» WORK REQUEST: As you reproduce every line below, keep it exactly as written and leave out the images.
——————
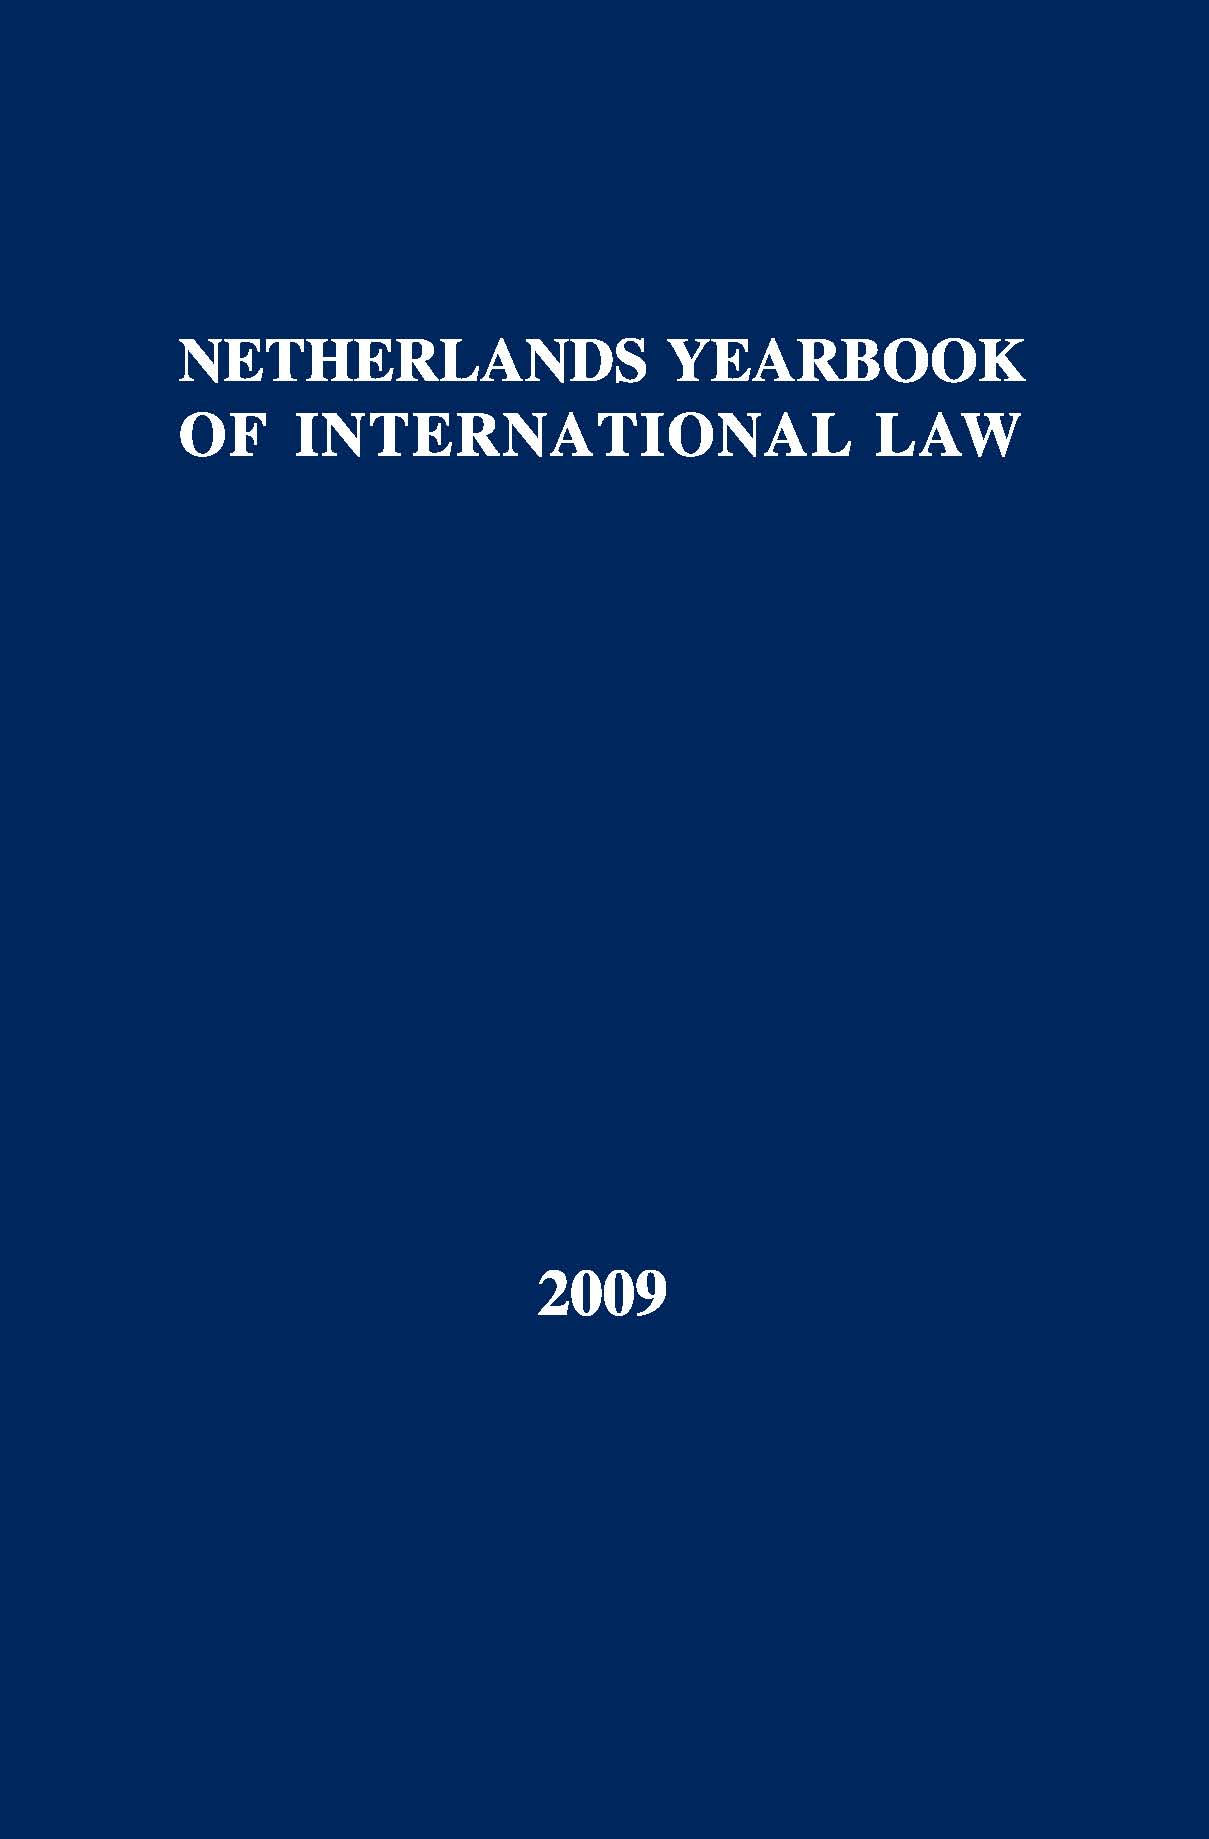 Netherlands Yearbook of International Law - Volume 40, 2009
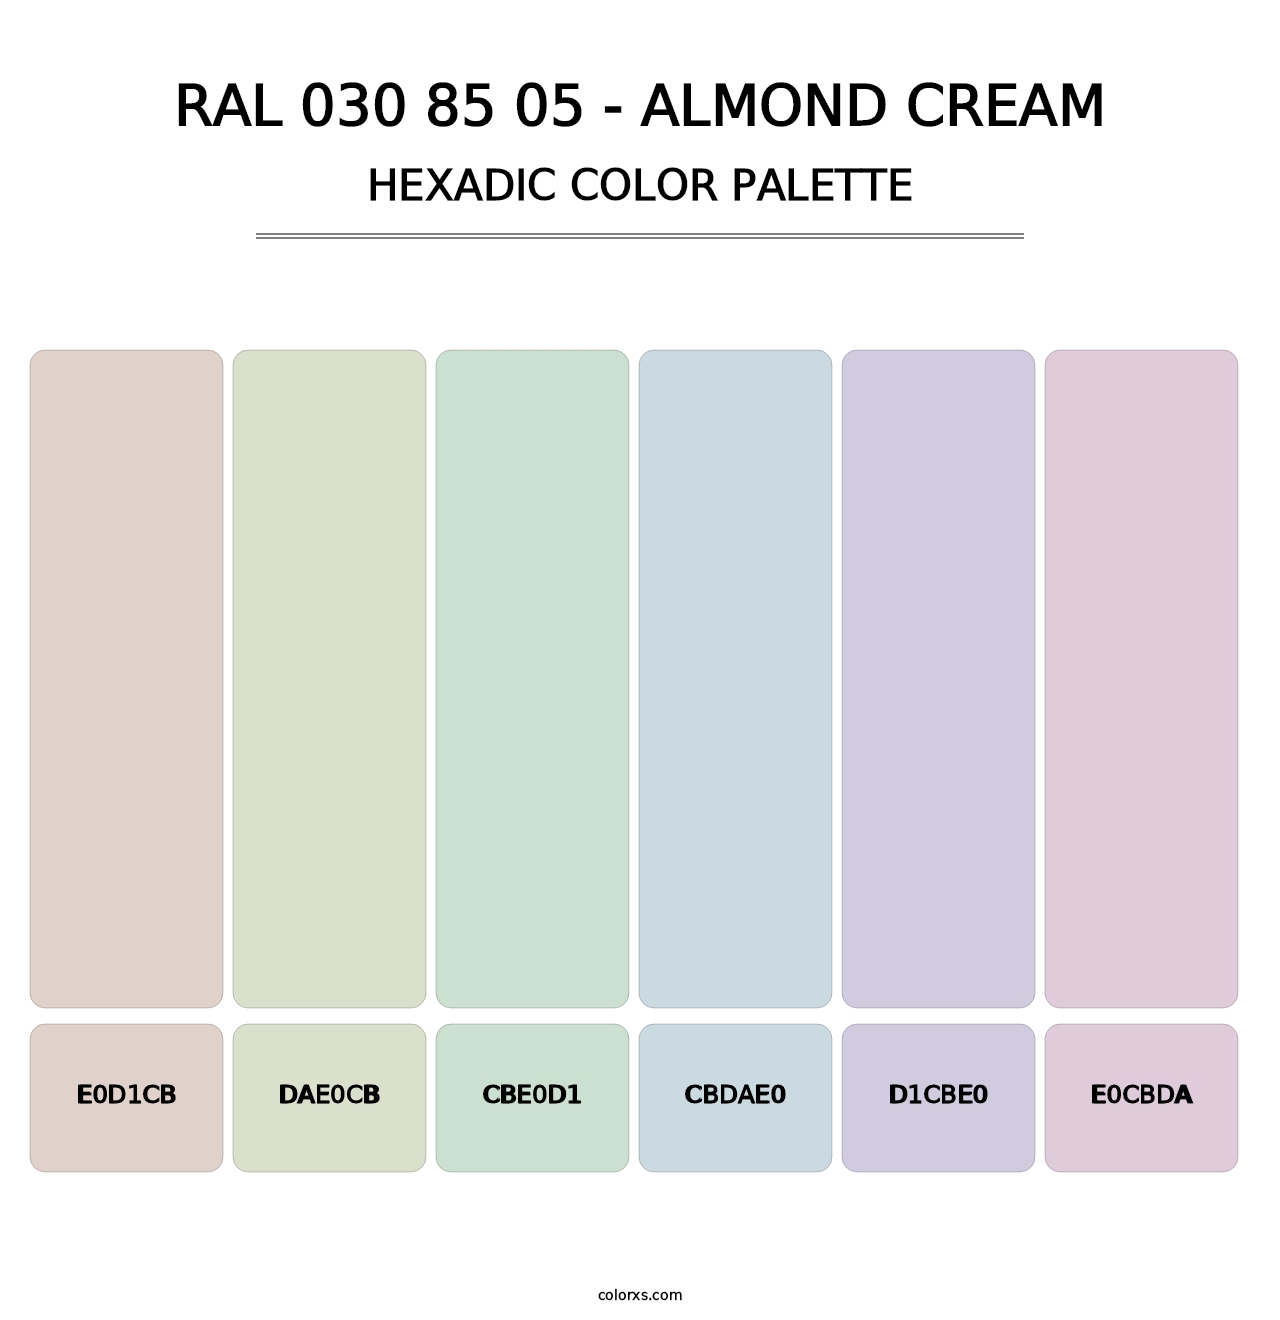 RAL 030 85 05 - Almond Cream - Hexadic Color Palette
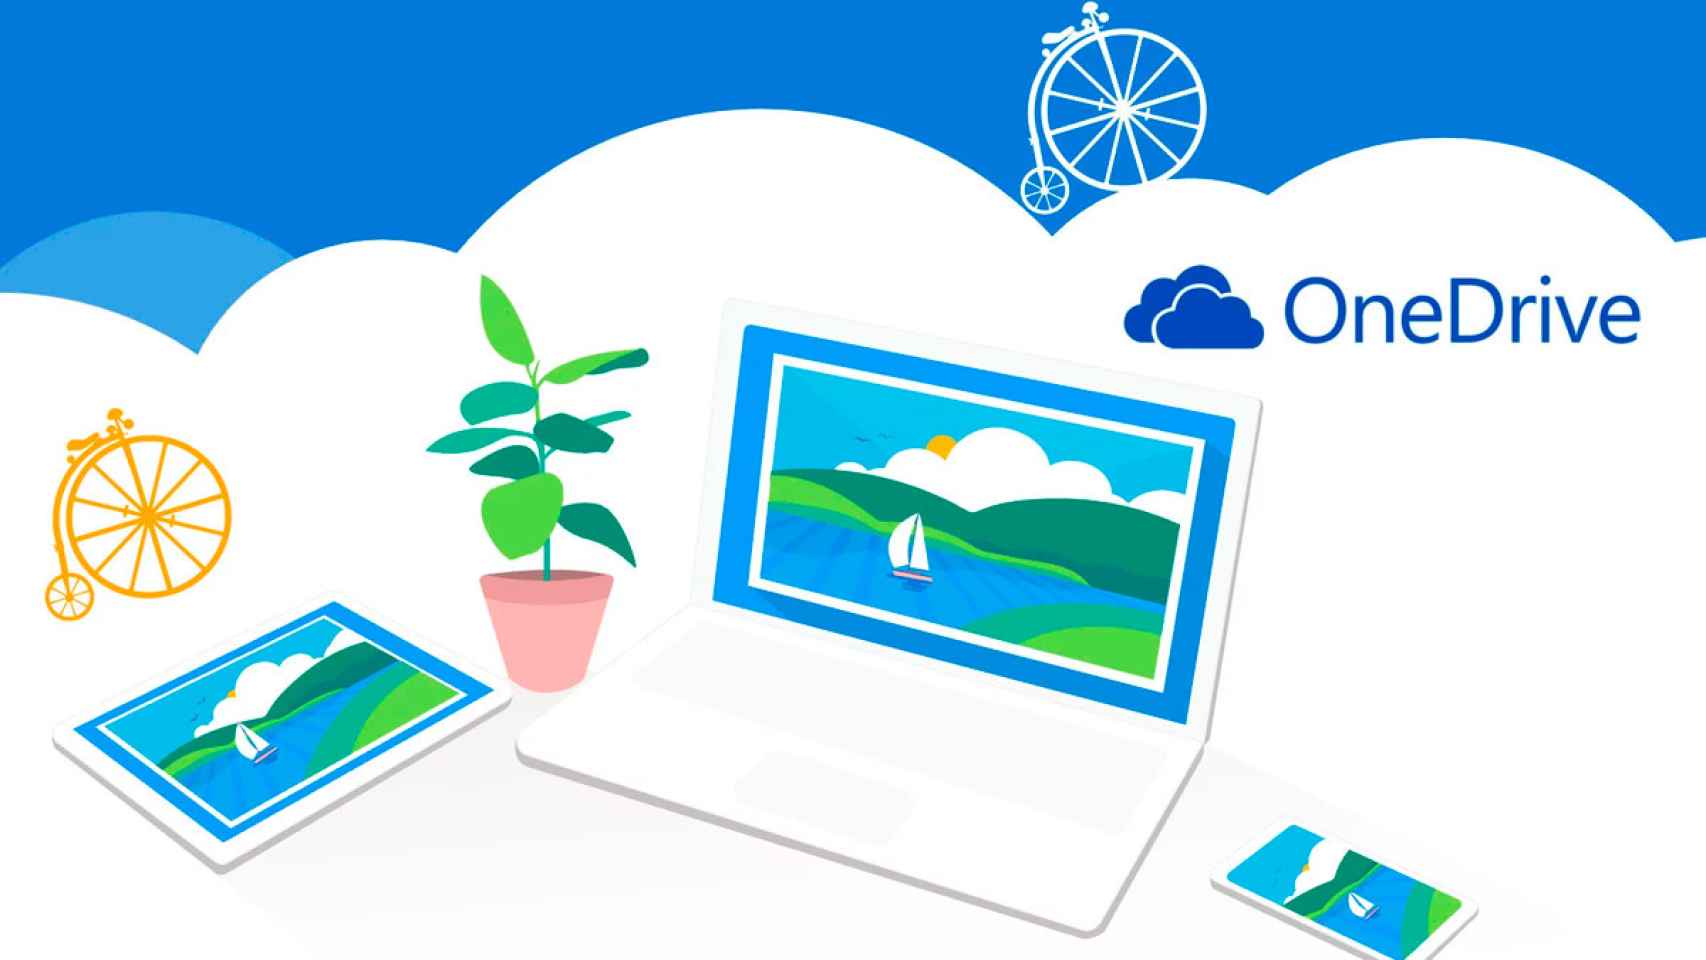 Usando Microsoft OneDrive como alternativa a Dropbox y Google Drive
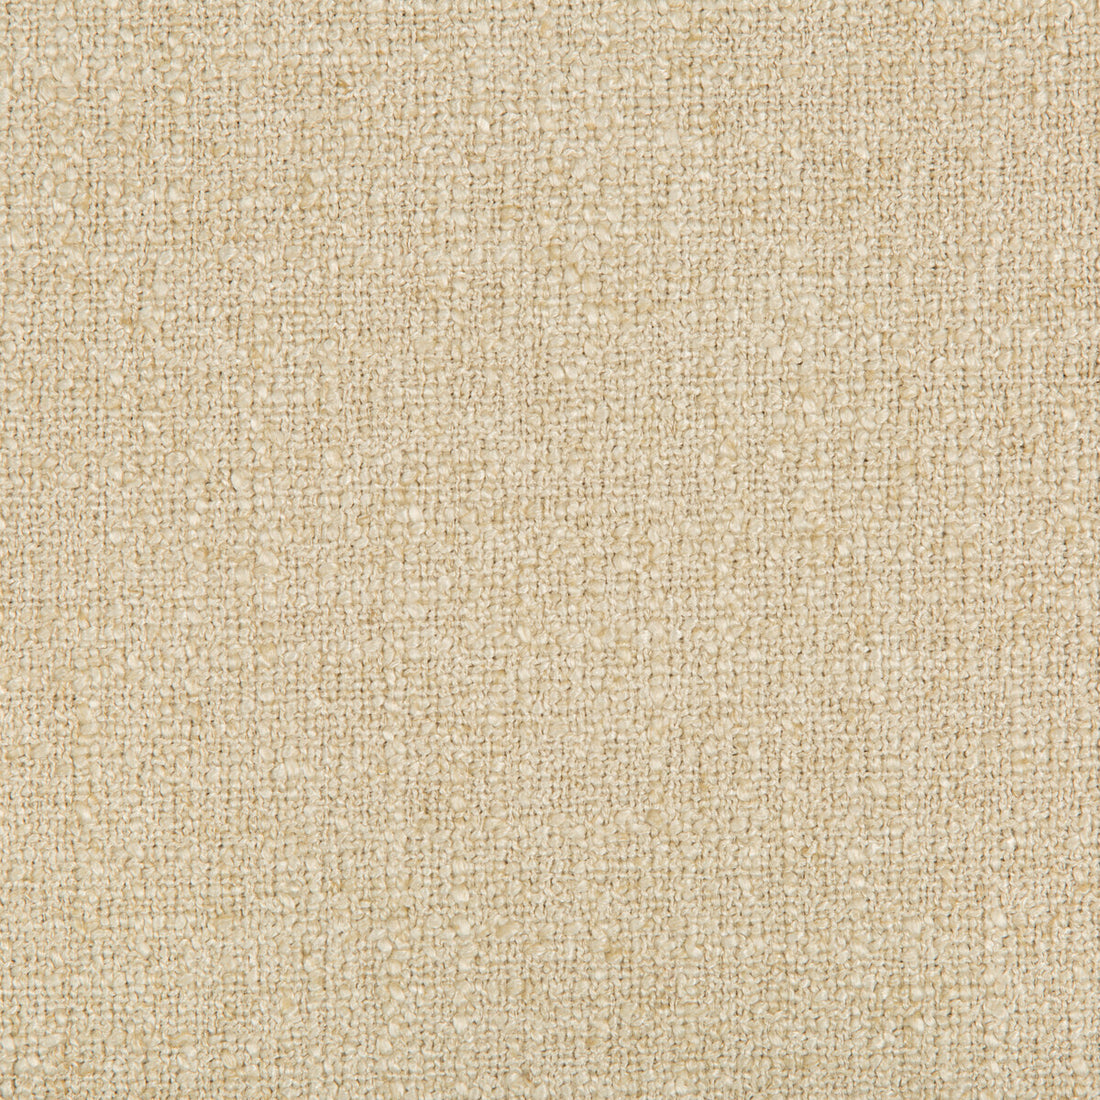 Kravet Smart fabric in 35147-16 color - pattern 35147.16.0 - by Kravet Smart
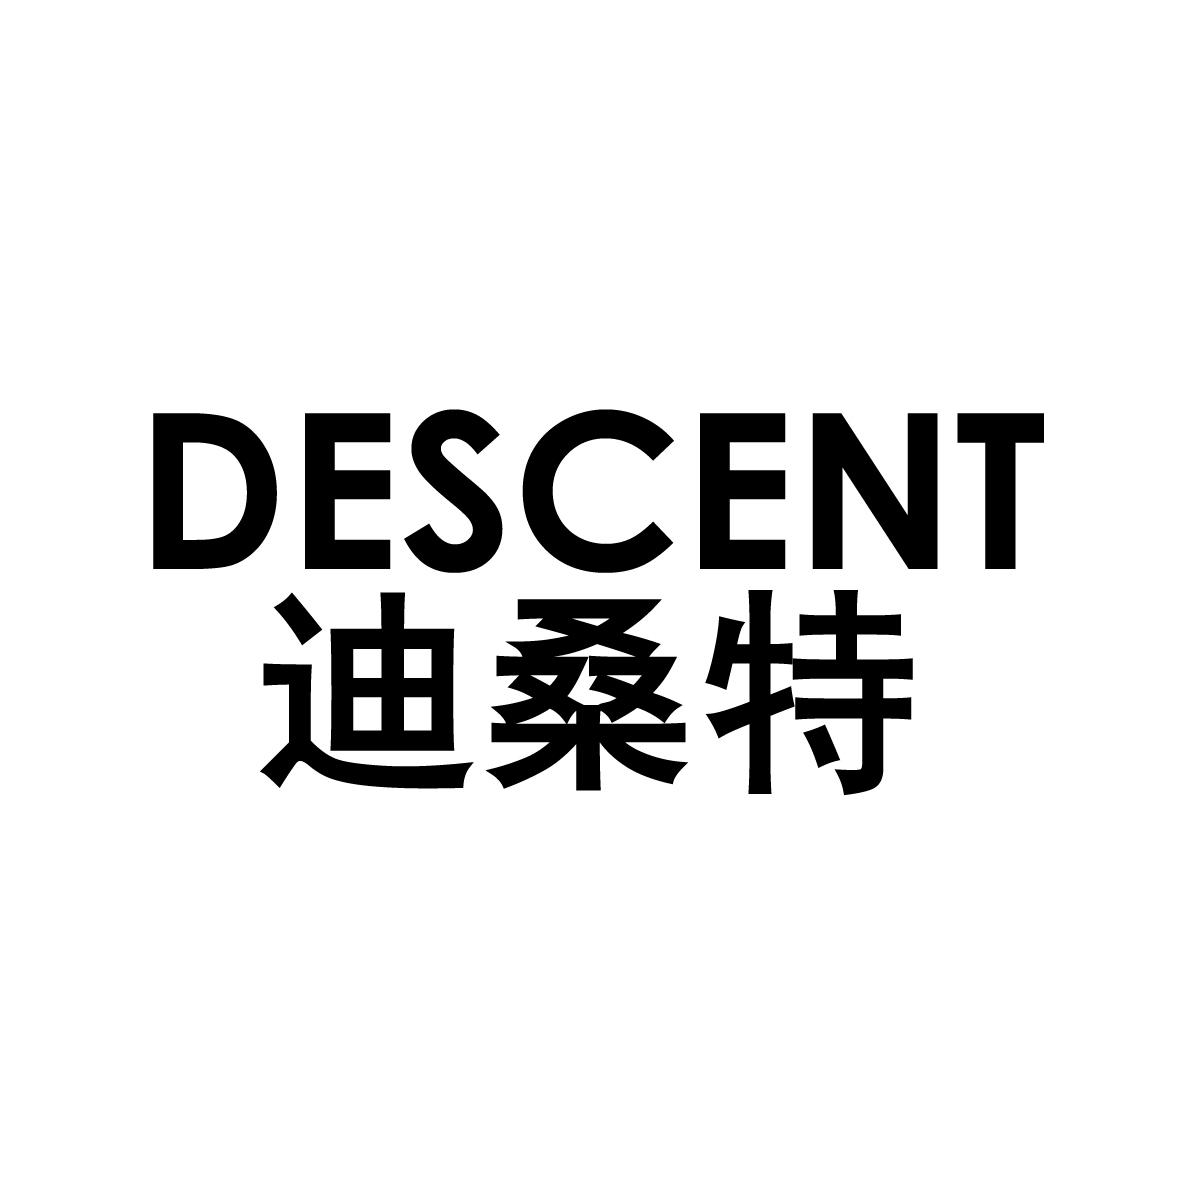 迪桑特  descent注册/申请号:49585750
——————
» YOUR SOLUTION:
 Netherlands Yearbook of International Law - Volume 40, 2009
 RAL 030 85 05 - Almond Cream - Hexadic Color Palette
 Usando Microsoft OneDrive como alternativa a Dropbox y Google Drive
 Kravet Smart fabric in 35147-16 color - pattern 35147.16.0 - by Kravet Smart
 迪桑特  descent注册/申请号:49585750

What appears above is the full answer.